Credit Default Stress

From Reuters:

April 15

The cost of insuring against a default by Greece and Ireland rose on Friday on growing speculation Greece will eventually have to restructure its debt and after Moody's downgraded Ireland to the brink of "junk" status.

The cost of insuring against a Greek default rose 15 basis points to 1105 bps, meaning it costs 1.1 million euros to ensure 10 million euros of debt against default, according to Markit.

Irish five-year CDS prices rose 10 bps to 555 bps.

April 21

The cost of insuring Greek government debt against default hit a new high on Thursday, extending a rise rise fuelled by talk of a possible restructuring.

Greek five-year credit default swaps rose as high as 1,335 basis points, up 53 bps on the day. Irish CDS rose 20 bps to 635 bps, while Portuguese CDS were up 17 bps to 650 bps.

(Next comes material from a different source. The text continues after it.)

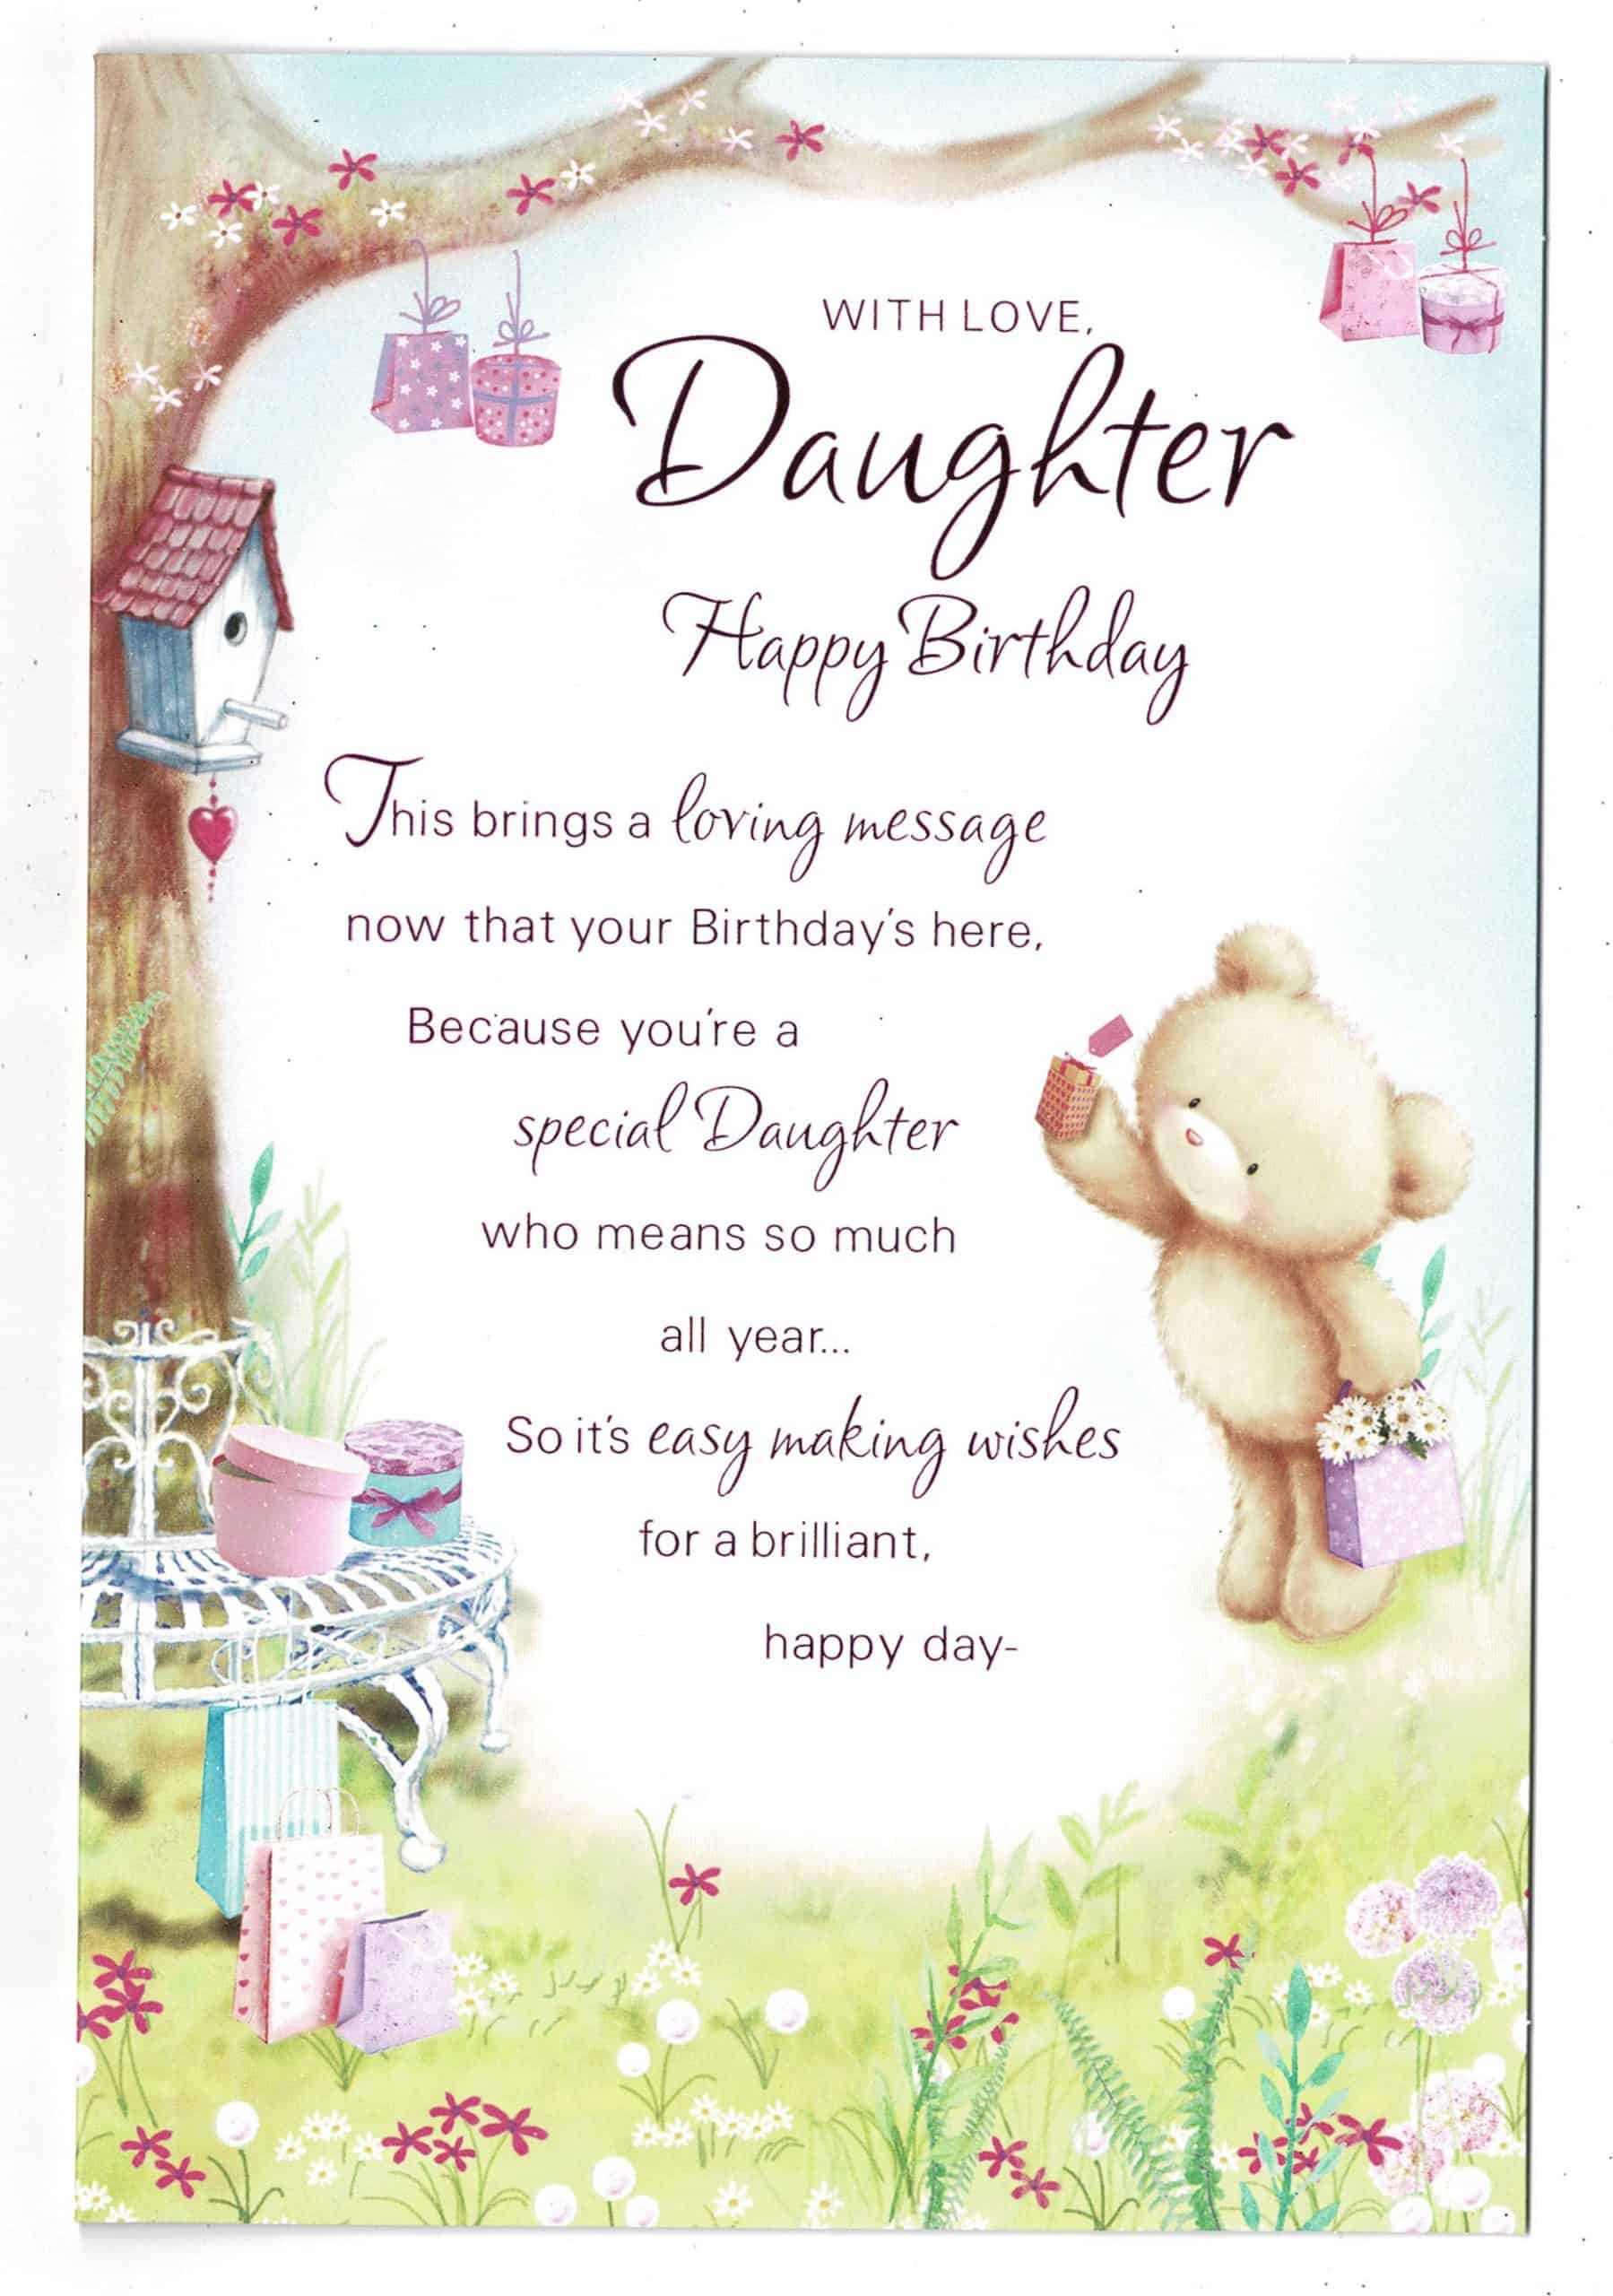 happy-birthday-daughter-poem-in-hindi-get-more-anythink-s

EURO GOVT-Portuguese yields soar ahead of Easter break

Yields on Portuguese and Irish government bonds soared on Thursday as markets scaled back exposure to sovereign risk ahead of the long Easter weekend even while stocks rallied on strong corporate results.

Worries over a possible Greek debt restructuring were expected to keep pressure on rattled peripheral bond markets into next week, resulting in yields -- already at euro lifetime highs -- continuing to push higher.

Given the extreme levels already offered on Greek debt, with two-year yields at more than 23 percent, Portuguese and Irish bonds bore the brunt of market uncertainty.

Ten-year Portuguese bond yields PT10YT=TWEB rose above 10 percent for the first time since the launch of the euro, while two-year bond yields PT2YT=TWEB climbed by more than 100 basis points to 11.978 percent. Shorter-dated Irish yields rose by around 85 basis points <#IEBMK=> while two-year Greek yields were up by around 25 bps.

Almost 85 percent of participants in a Reuters poll said Greece will have to restructure its debt, despite firm denials from Athens, although more than half said it would be at least a year before Greece acted. [ID:nN20173569] [ID:nLDE73J0J0]

Five-year Greek CDS prices show a 70 percent probability of default, based on a 43 percent recovery rate, according to Reuters calculations from Markit data.

Spanish 10-year debt outperformed after a successful bond sale on Wednesday eased fears of contagion, with yields falling for a third session.


The sovereign debt market is rapidly approaching the boiling point in some peripheral Euro countries. As we have mentioned before in previous posts - watch Credit Default Swaps - they are a good indicator of stress level in the bond market. From these latest results it appears we are approaching a breaking point. The coming week should produce some substantial market gyrations and fallout, in my view.